You know that stressful drive from Portland to Seattle? Take a traffic break and take the Nisqually exit: the Nisqually National Wildlife Refuge is not more than a mile from the turn-off.

As you pull up to the visitor center (VC), don't miss the juvenile bald eagle perched in the big cottonwoods. Don't get all pushed out of shape by all the cars stacked up in the parking area; once you've paid the fee for enjoying all the wildlife you'll see, start out on one of the trails, or boardwalk, you'll appreciate how big the refuge is. It soaks up a lot of people.

The fee is only $3 - and you can bring three other adults with you, and everyone under 16 gets in free.

You can start your tour by dropping into the VC, which is always a good idea for any park or refuge you visit; it gives you a good "feel" for the time you'll spend exploring the area. But be warned, as soon as you leave the VC and take to the boardwalk, have your binocs and camera ready. The huge riparian forest of towering cottonwoods you enter has enough birds singing, hopping and zooming throughout it to catch your ear and eye to keep you enthralled all day. You may even be late getting to Seattle, or Portland - depending on whether you're going north or south...

That great blue heron to the right was spotted not more than 100 yards from the VC, while we were walking along the Twin Barns Loop boardwalk. It was fascinating to observe the accuracy with which the heron speared the alien bullfrog moving along bottom in the inky, tannin-soaked water. (Bullfrogs are not native to the PNW, and are causing severe damage to native amphibians, and often gobble up baby ducks as well.)
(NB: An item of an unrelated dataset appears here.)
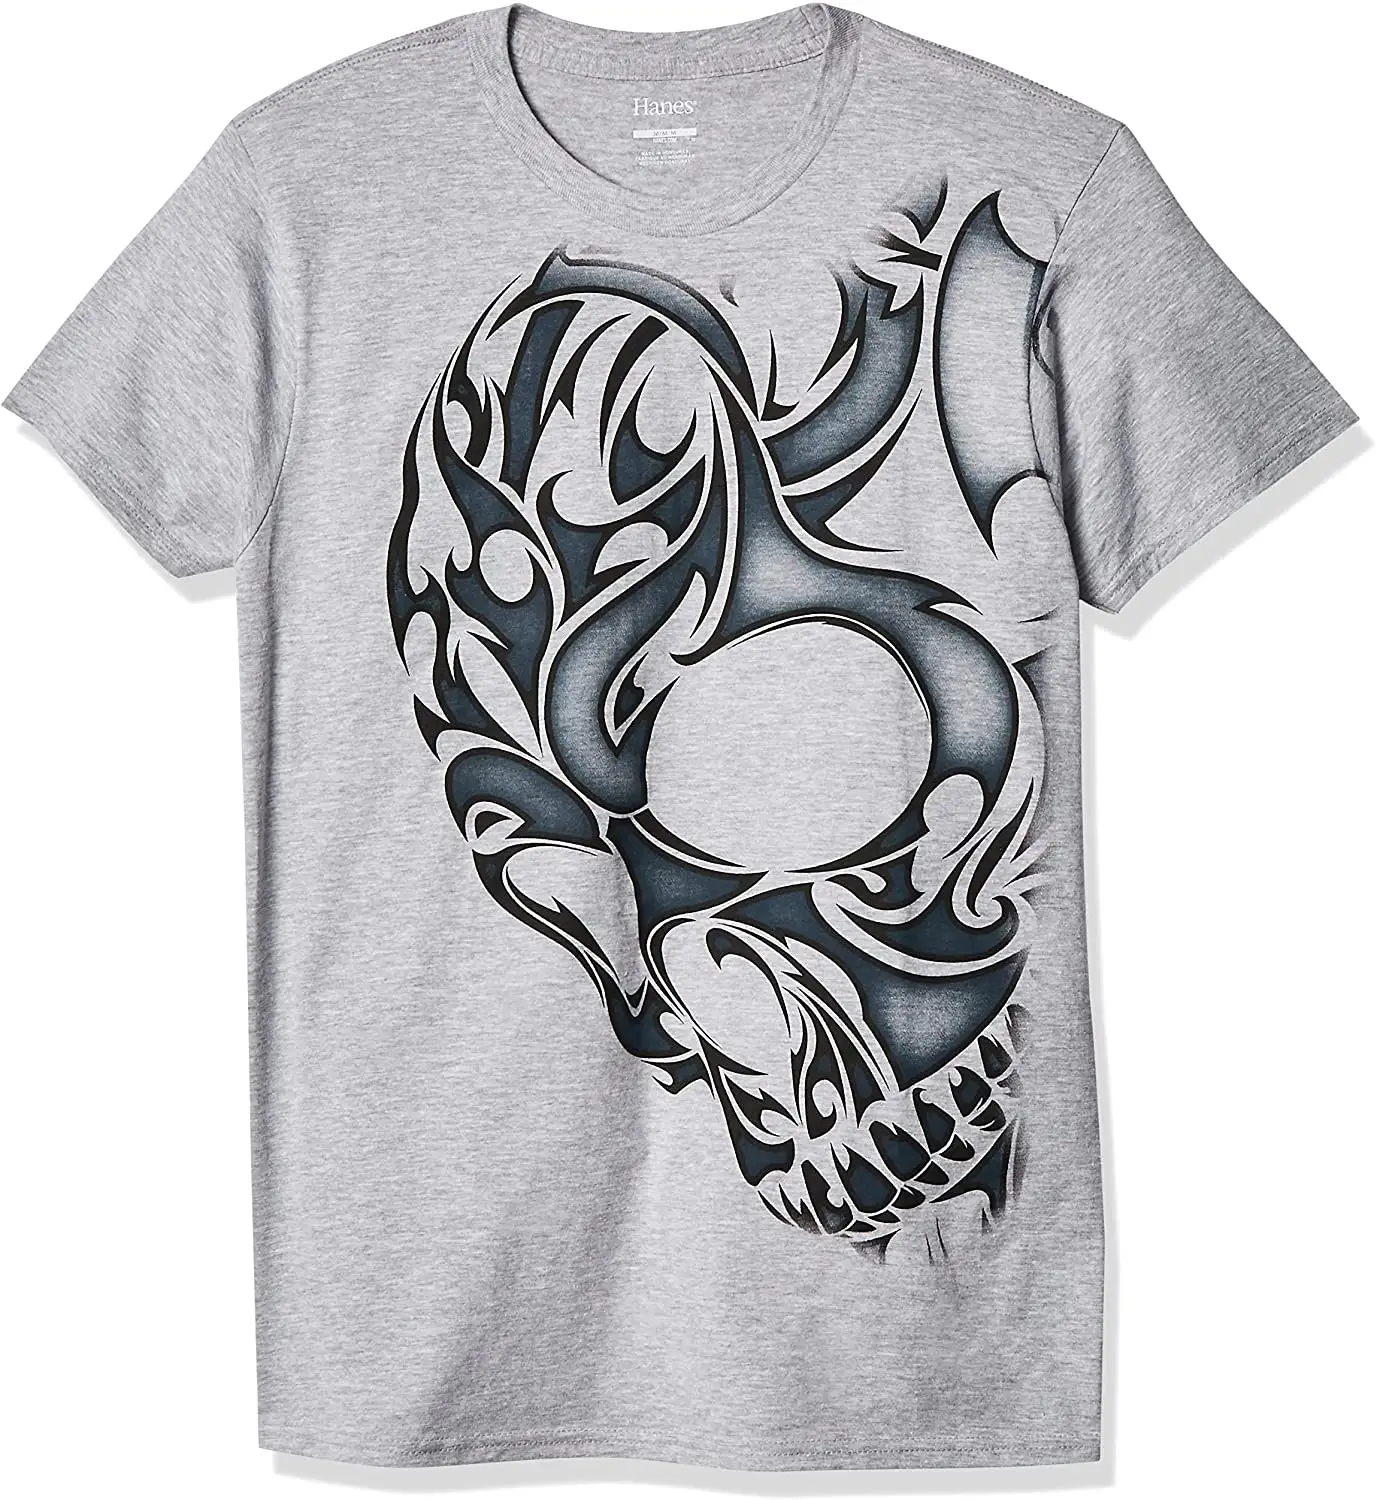 100% cotton T-shirt men's shirts Wild Tiger Print T-shirt Wholesale Price Solid Crewneck T Shirt Custom Printing 100% Premium

Another 50 yards along the same route we observed a crowd of people standing quietly, all looking intently in the same direction - some with the aid of cameras on tripods, and equipped with long lenses. As we walked up quietly, we spotted a huge old-growth cottonwood with an ancient injury in the trunk, occupied by two half-grown great horned owls.

Seconds later, the crowd watching the baby owls were jolted out of their reverie by a loud commotion on the other side of the boardwalk where one of the parent owls was being harassed by an adult Cooper's hawk.

The best part of all this activity in February is it's taking place in the so-called "off season." I have a hunch it would be impossible to cover even one-tenth of the refuge in a summer day, when the warblers and the other 300 some-odd birds, mammals and amphibians are doing their thing.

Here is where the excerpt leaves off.